Wpis z mikrobloga

#seriale #netflix #przemyslenia

Z tego co zauważyłem wiele współczesnych seriali ma jeden duży wspólny problem -> brak długoterminowego pomysłu na siebie i sztuczne przeciąganie.

#bojackhorseman to od jakiegoś czasu ciągle to samo. na początku sezonu bojack jest na dnie, później pojawia się wizja poprawy, ale i tak bojack znowu się stacza

#mrrobot pierwszy sezon genialny. 2 porażka niemiłosierna. 3 okej. Gdyby ten serial skończył się na pierwszym sezonie to byłby kultowy 10/10 a tak ludzie go przestali praktycznie oglądać i odejdzie w zapomnienie

#tbbt pierwsze sezony były spoko, ale później serial przerodził się w gorszych przyjaciół. kolejne sezony przeciągane na siłę. to powinno się skończyć 5 lat temu. żarty o geekach wyczerpały się po jakimś 6 sezonie...

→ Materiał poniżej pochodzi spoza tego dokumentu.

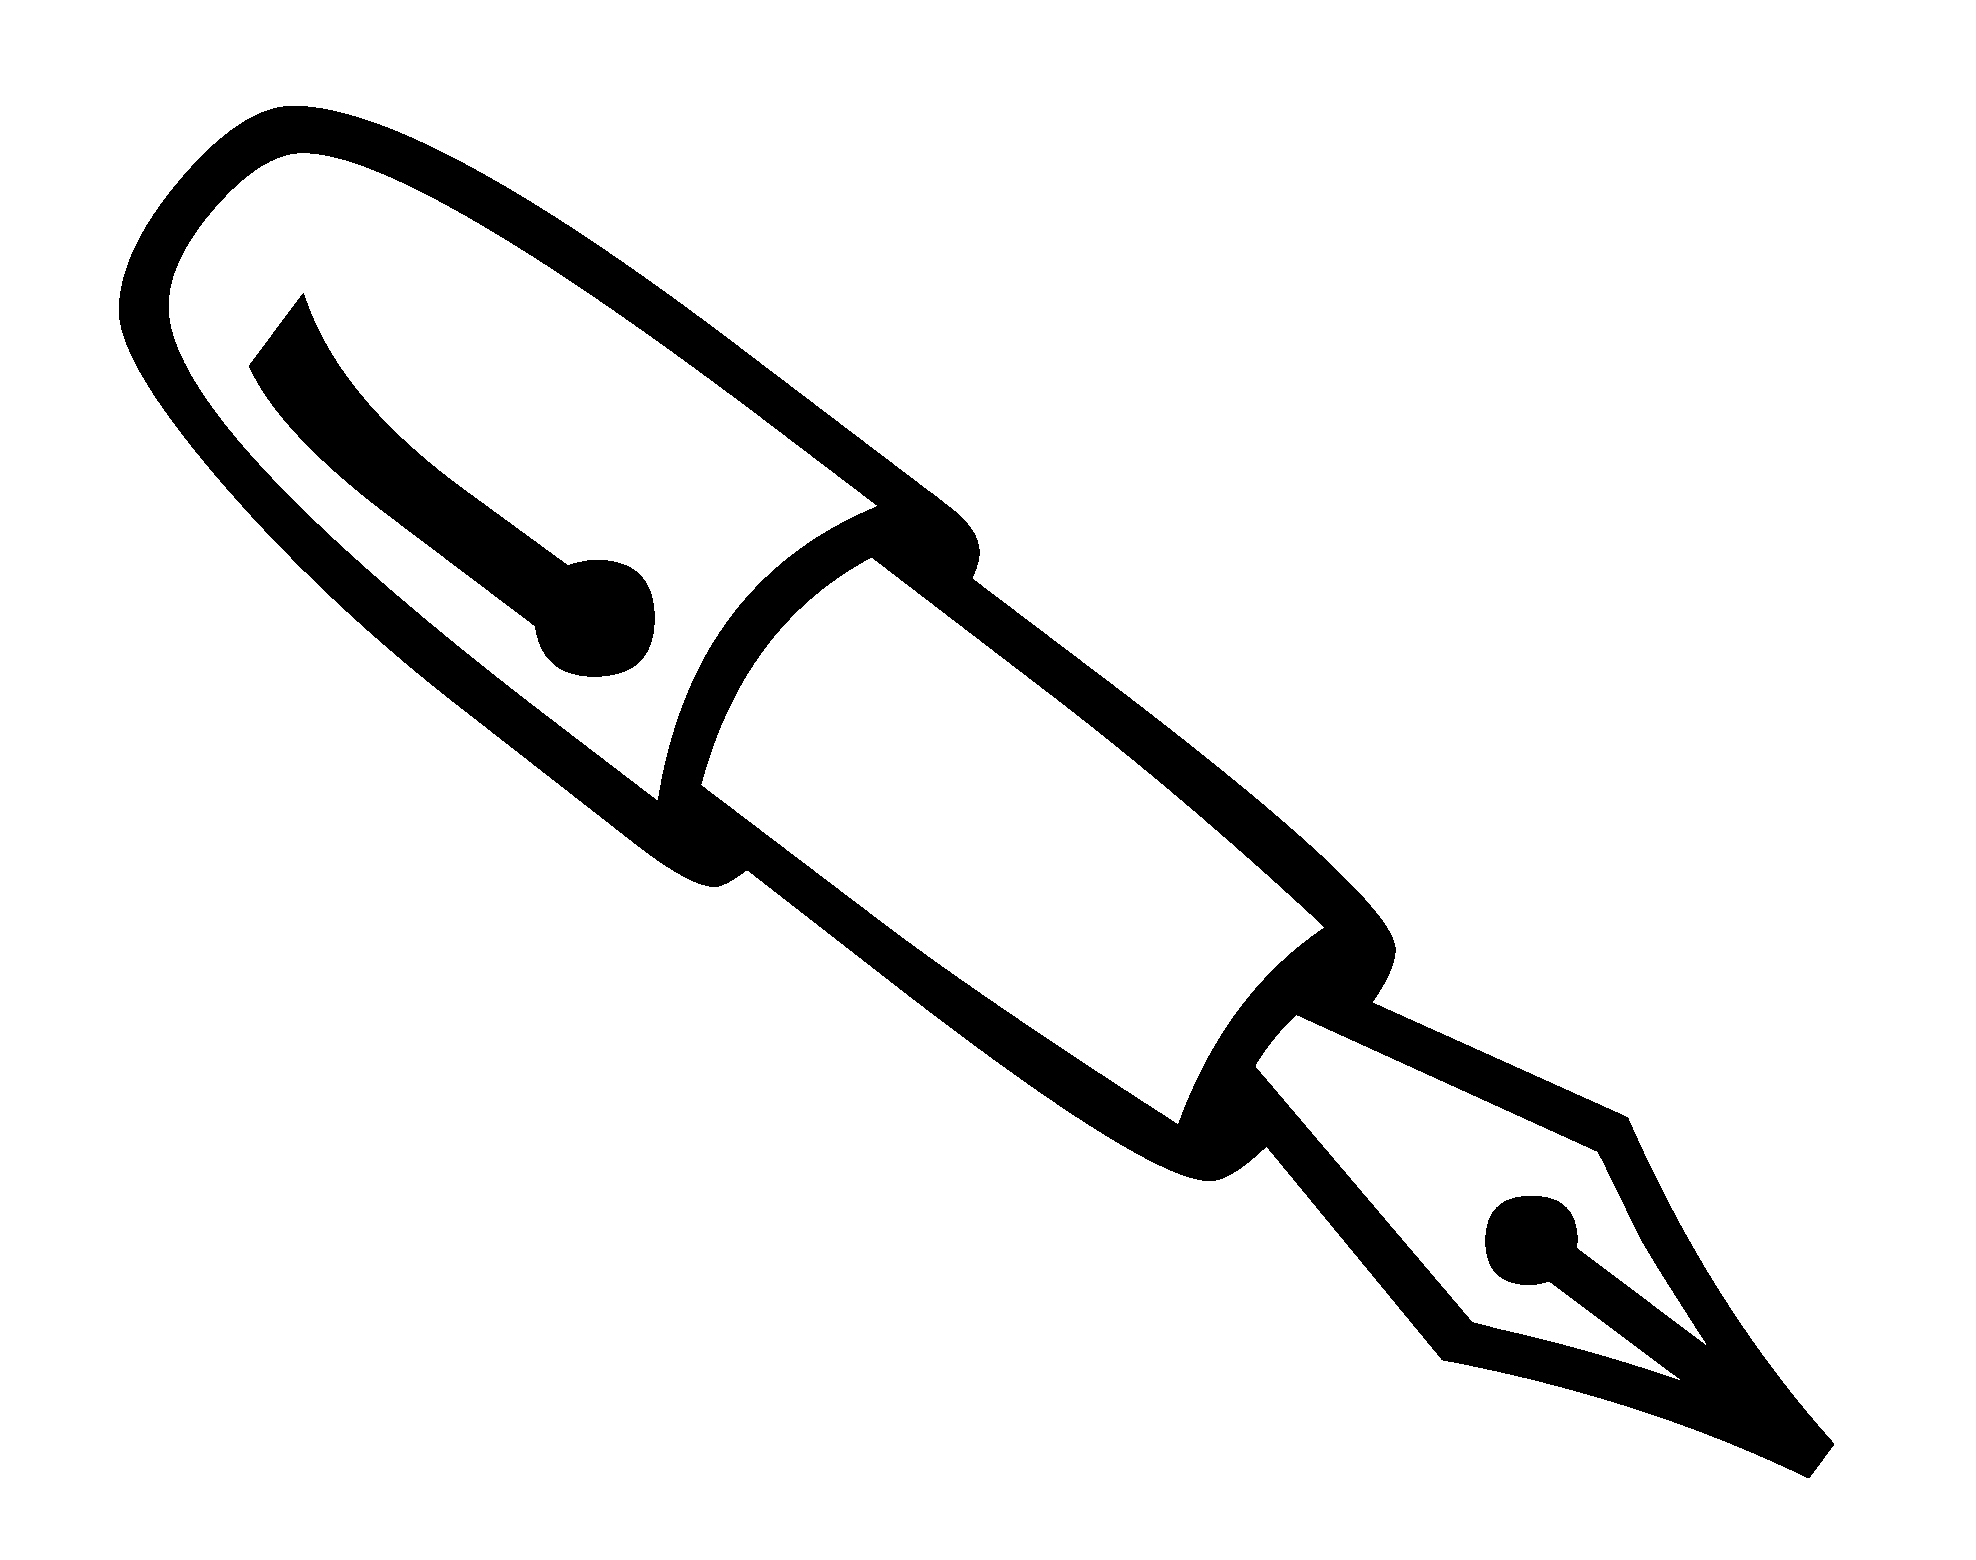 Pen logo symbol clipart

#howimetyourmother #jakpoznalemwaszamatke końcówka to ekstremalna porażka i żerzuncja. nigdy do niego nie wrócę.

#domzpapieru miał idealne zakończenie. po #!$%@? 3 sezon?

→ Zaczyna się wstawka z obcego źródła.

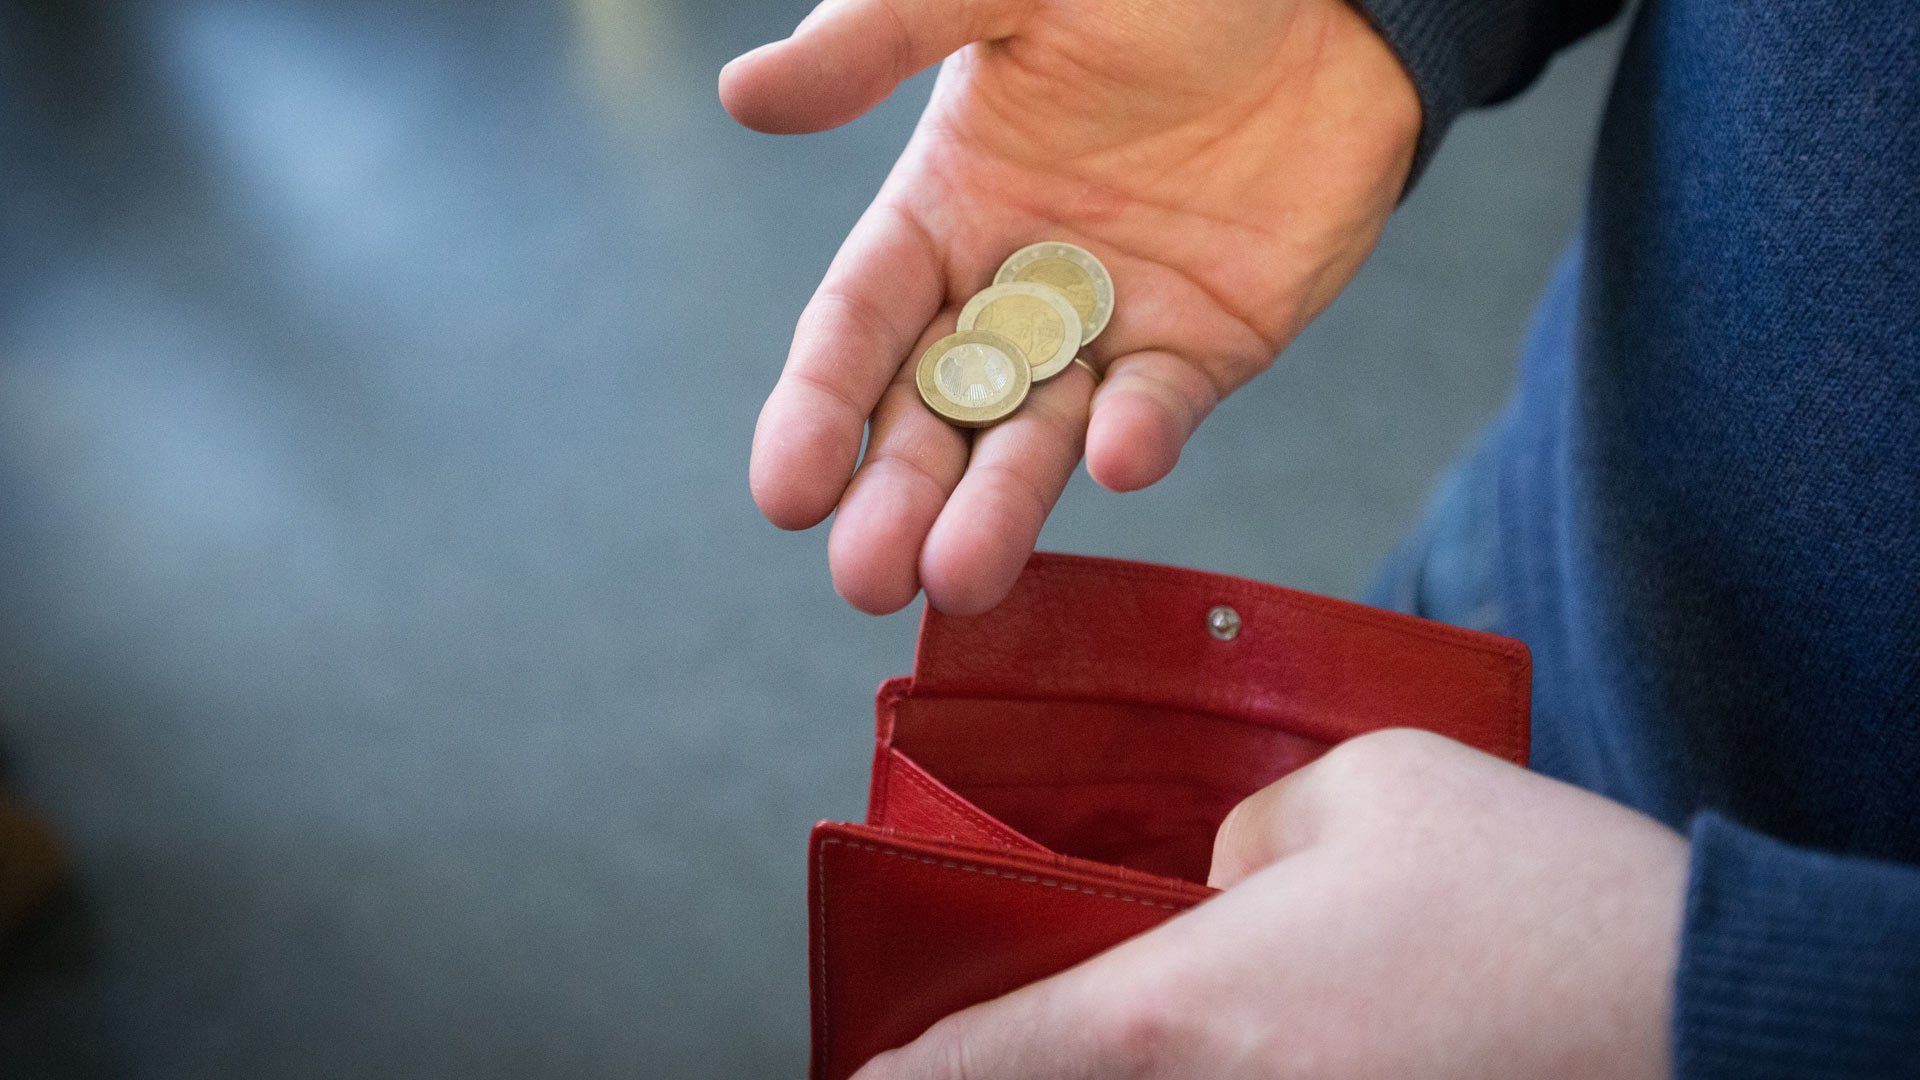 Münzen im Wert von fünf Euro über ein rotes Portemonnaie gehalten.

end of fucking world miał idealne zakończenie. po #!$%@? 2 sezon?

#strangerthings jest obdarty z całej tajemnicy. oni ciągle walczą z tym samym... tak szczerze to formuła się już wyczerpała po 1 sezonie. teraz to tylko popkulturowo-nostalgiczny onanizm
  • 7
@goonee: Widać to też na przykładzie anime, które w 90% przypadków jest na podstawie mangi. Dopóki anime idzie torem mangi to jest spoko, a jak manga się skończy to albo (lepsza opcja) anime ma np rok-dwa przerwy albo (dużo gorsza) pisarze sami wymyślają jakiś mini-arc albo fillery no i to jest tragedia.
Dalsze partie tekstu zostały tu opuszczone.